One of the main concerns with sea jellies consumption is safety. Bonaccorsi et al. (2020) studied microbiological, chemical, physical, and allergenic risks associated with jellyfish consumption, concluding that studies report a good level of health safety for jellyfish consumption in terms of allergic and microbiological risks, and no evidence of physical risks was found.
According to Hsieh et al. (2001), traditional processing methods for sea jellies involve the use of a mixture of salt and alum to reduce water content, lower pH, and firm up the texture.
Jellyfish Fishing and Aquaculture
The main source of sea jellies is fishing; however, interest in jellyfish aquaculture is increasing for use as food, raw materials for the industry, or the trade of marine ornamentals.

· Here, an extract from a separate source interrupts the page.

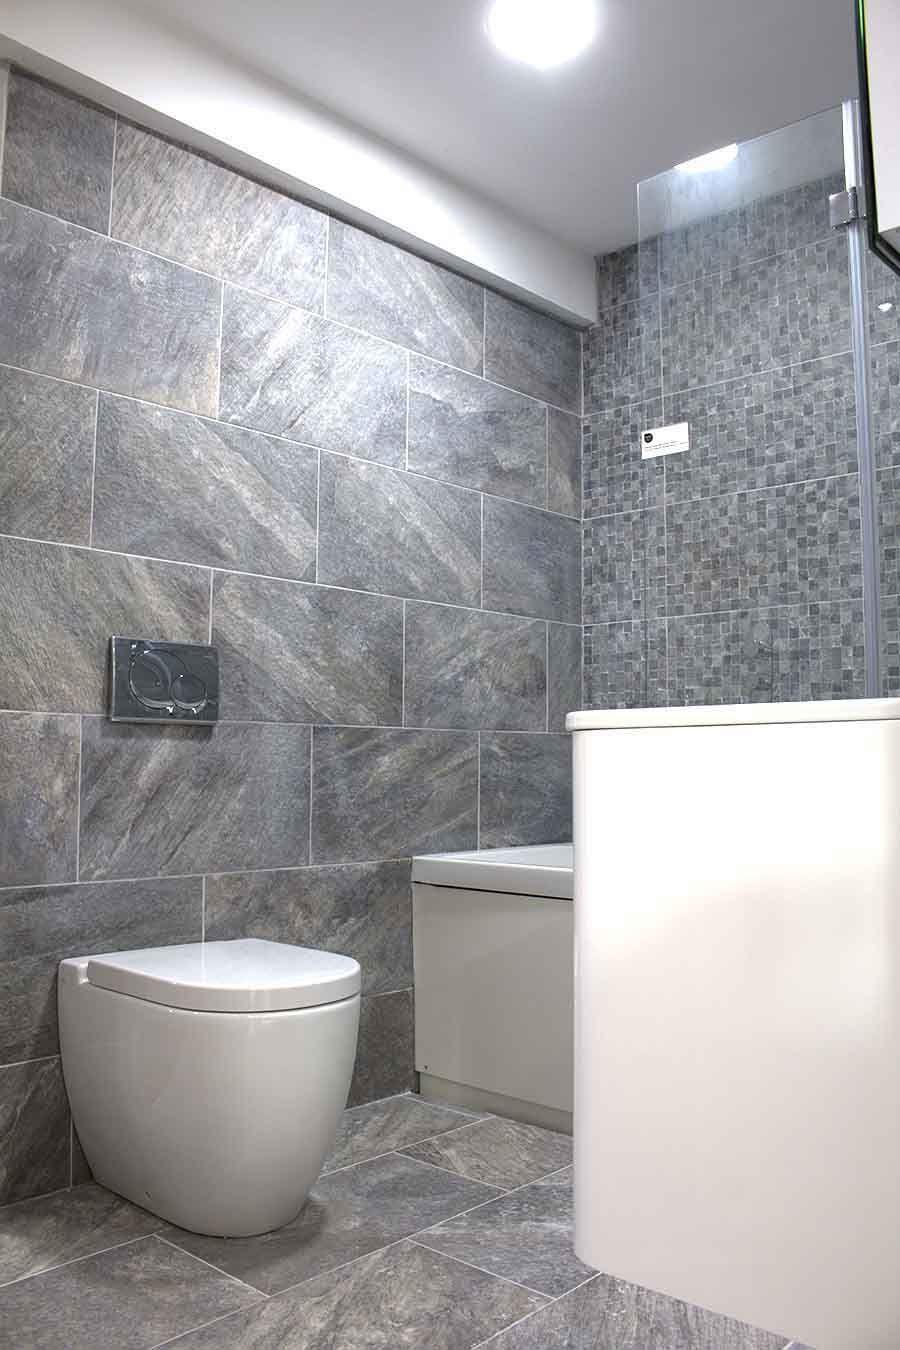 Superb Marazi Stone Effect Porcelain Wall And Floor Tiles In A Modern Bathroom  Display

Bleve et al. (2019) mention that the main producers of jellyfish for human consumption are China, Indonesia, and Malaysia, and that new species from the U.S., Mexico, Australia, and India are being exploited and used in food preparations for export to Asia.
Marine jellyfish aquaculture
Similarly, Brotz et al. (2017) report that jellyfish fisheries are being experimented with, with varying degrees of success, in numerous countries in North America, Central America, and South America to meet the demand in the Asian market.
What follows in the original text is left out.